C’è anche un buon rovescio di medaglia: “Nel nostro fatturato Alpitour è il primo marchio, e da quando hanno il prezzo dinamico il booking anticipato è davvero molto invitante. Tuttavia il problema rimane, dobbiamo rompere insieme il circolo vizioso delle offerte. C’è il cliente che se le aspetta, e ci indovina sempre”.

Migliorare la banca letti
“Alpitour è assolutamente centrale nel nostro business, lo era anche prima che entrassimo in Geo e su entrambe le divisioni. Nel 2014 siamo state premiate per le performance di vendita su Alpi”: da questa premessa guarda al futuro Luciana Gaudenzi (nella foto sotto) di Ramblas Travel & Leisure di Gualdo Tadino. E continua: luciana gaudenzi “Non mi ha sorpresa l’approccio di Andrea Gilardi nella convention Geo, io non c’ero ma so che è coraggioso abbastanza da mettere in discussione il passato. E comunque già nella mini convention dell’anno scorso a Naxos i toni erano cambiati, quando aveva promesso forte apertura alle piccole adv, perché siamo tutti necessari. E’ vero, sembra che Alpitour non sia più un minsitero”. Luciana segnala segnali concreti: “I cataloghi pronti nelle date giuste, e Bravo con qualche anticipo. Poi Tournée, il roadshow ‘a chilometro zero’, che promette più attenzione ai rapporti umani. Noi prenotiamo il 90% su EasyBook, ma ad esempio la personalizzazione del prodotto su Alpitour va migliorata, la banca letti non è ancora abbastanza competitiva…Comunque non mi sento di condannarli per le offerte sotto data, siamo noi che gestiamo il cliente, e siamo noi che dobbiamo educare al consumo. Il cliente soddisfatto se lo informi correttamente non ti si rivolta contro”.

Il cliente dispiaciuto è virale
“Prima ci hanno fatto la guerra, ora hanno cambiato idea.

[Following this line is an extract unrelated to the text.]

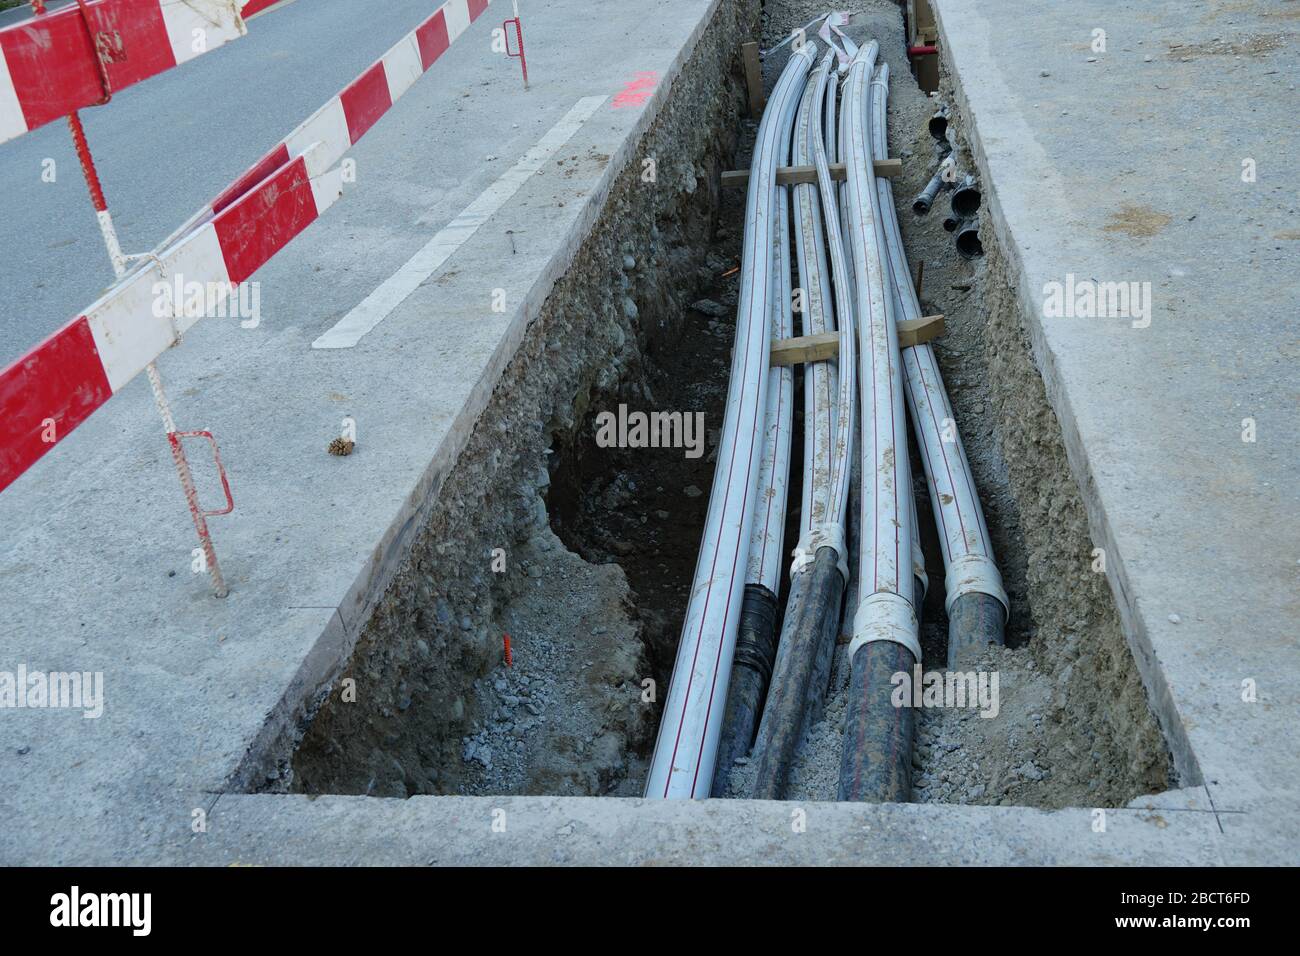 tuyaux épais en polypropylène dans un puits de construction dans une rue de chantier de génie civil avec des planches de barrière en rouge et blanc, Banque D'Images
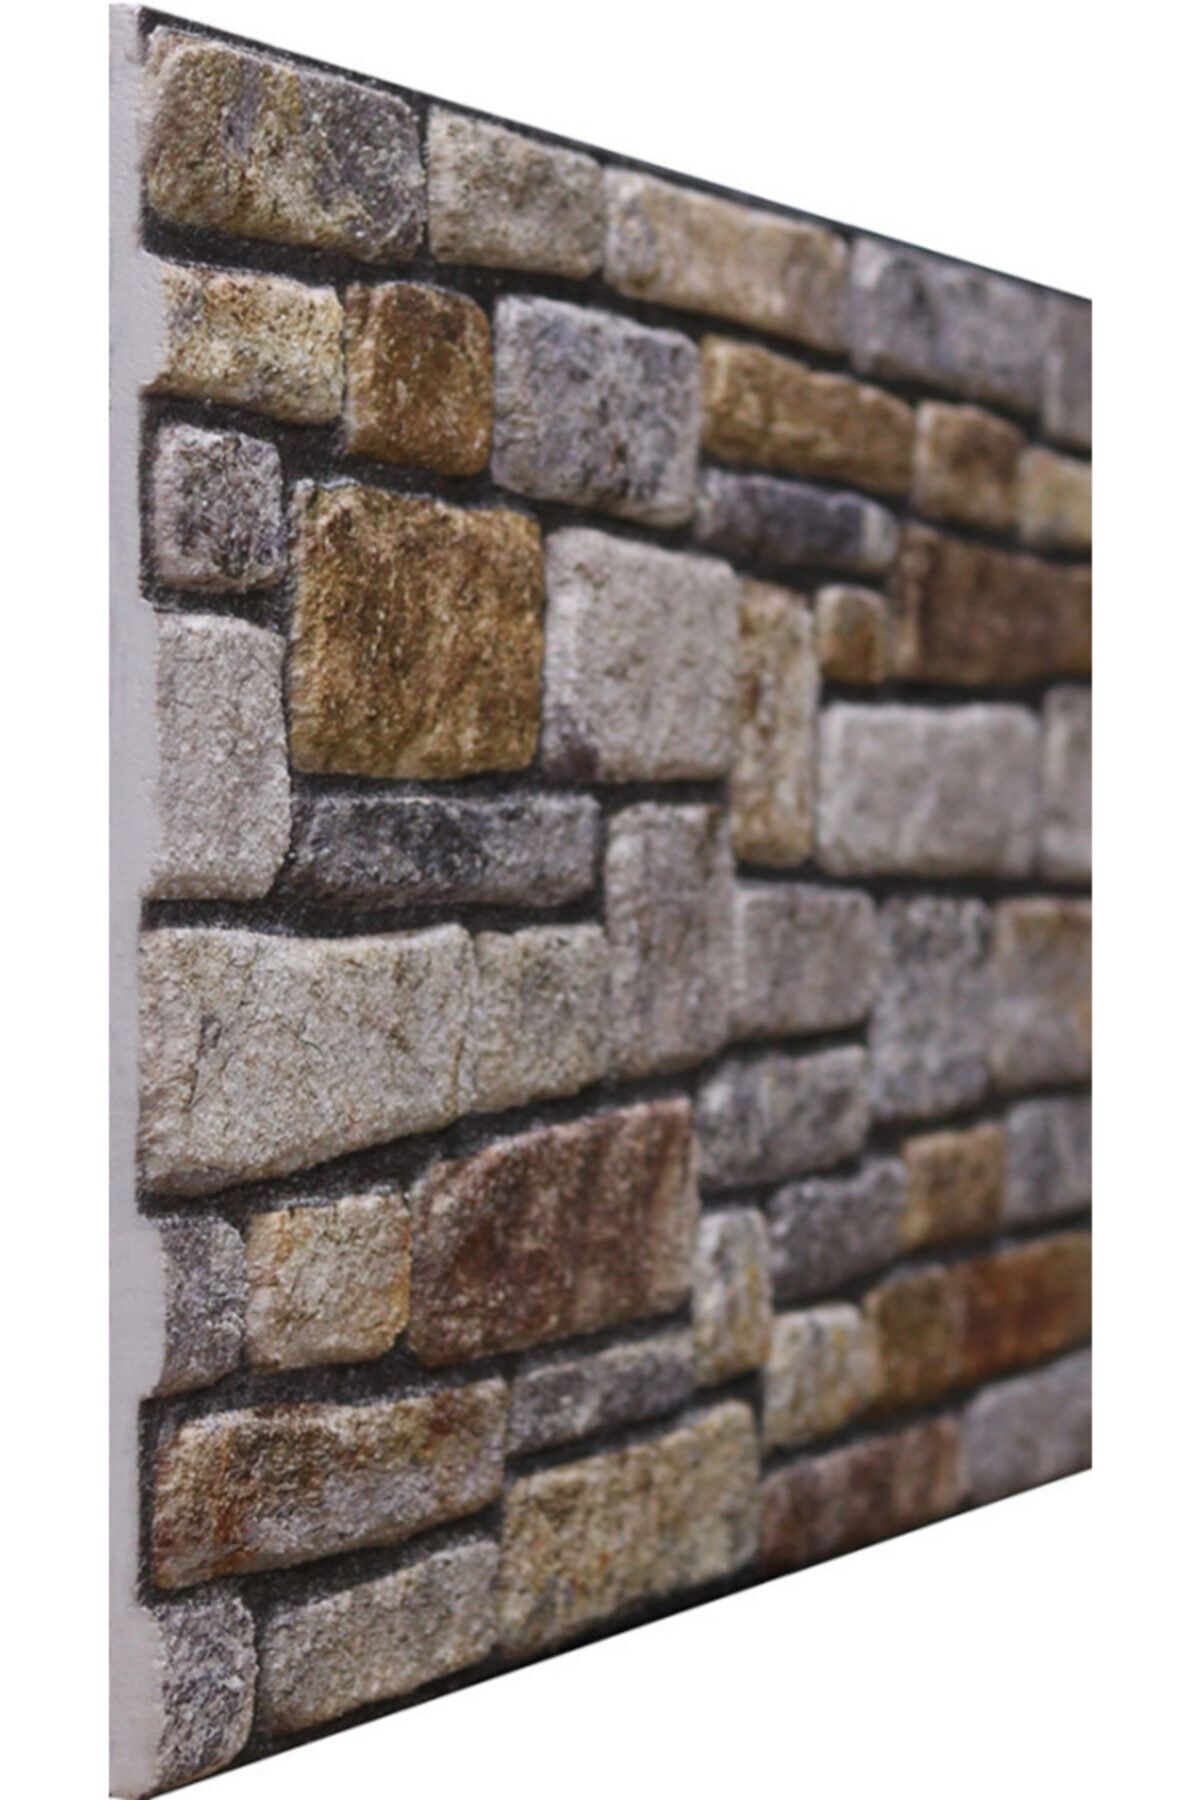 Stikwall Yığma Taş Dokulu Dekoratif Strafor Duvar Kaplama Paneli 660-201 - 50x100 Cm (5 ADET-2,5M2)

Prima parlavano di selezione, ora ammettono che siamo tutti utili e importanti”: il confronto recente con Alpitour echeggia nei toni di Renzo Mina Barale, Rialto Viaggi di Gattinara, a lungo uomo di marketing passato all’intermediazione turistica. “Lo sappiamo anche noi che tutti fanno l’80% del fatturato con il 20% dei clienti – aggiunge – ma si sa pure che recuperare un cliente offeso e dispiaciuto è un’operazione molto costosa. Magari si può decidere di curarlo meno, se produce di meno, il che costa poco e non offende nessuno. Perché si sa pure che un cliente offeso è virale, agente di viaggi o consumatore che sia. E in provincia il passaparola è fortissimo, talvolta determinante”. Ciò detto anche Mina Barale apprezza il cambiamento di Alpitour: “Nella tappa torinese del roadshow hanno confermato le promesse, ci vengono un po’ più incontro. Una buona notizia anche perché hanno ottimi promotori, e sul prodotto non c’è nulla da discutere, mai avuto un problema”.

E ora perché dovrei tornare indietro?”
Tuttavia per dare ragione a Mina Barale c’è, ad esempio, la scelta drastica di Marco Tartaglia, Civatorus di Torino: “Prima ci maltrattano, tagliano al 5% la commissione base su Alpitour, che sono quasi le spese vive. Ora risalgono, e noi stiamo a vedere. Perché Alpitour è un buon prodotto, ma io ho anche altra villaggistica da scegliere, torno indietro solo in cambio di un trattamento invitante. Di più: quando ho rinunciato a vendere Alpitour ho stretto buoni rapporti con altri fornitori, perchè ora con questi dovrei fare marcia indietro?”.